GIVEN DATA:
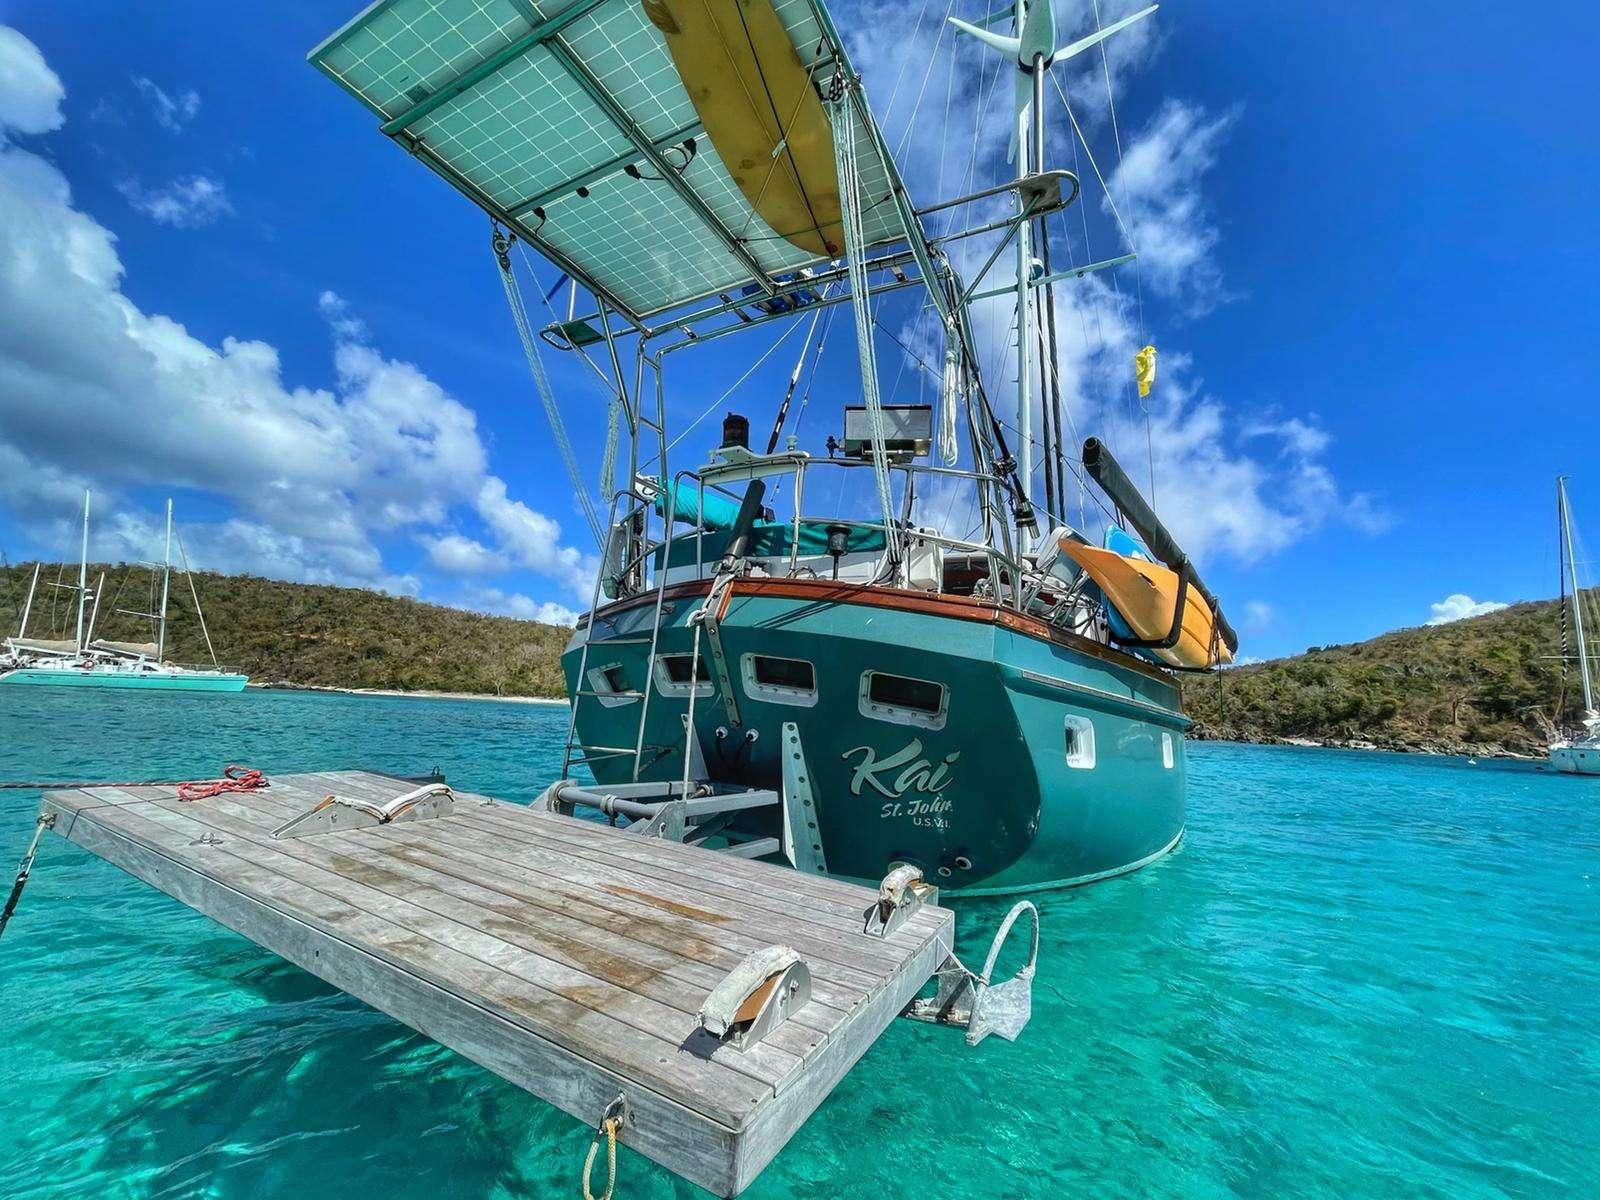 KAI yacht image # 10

* * *

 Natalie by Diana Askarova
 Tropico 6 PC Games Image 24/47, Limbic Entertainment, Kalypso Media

PROBLEM DETAILS: Could you set down, exactly as written, the lines above between the one holding "Natalie by Diana Askarova" and the one holding "Tropico 6 PC", inclusive, and nothing more?

THE ANSWER:
 Natalie by Diana Askarova
 Tropico 6 PC Games Image 24/47, Limbic Entertainment, Kalypso Media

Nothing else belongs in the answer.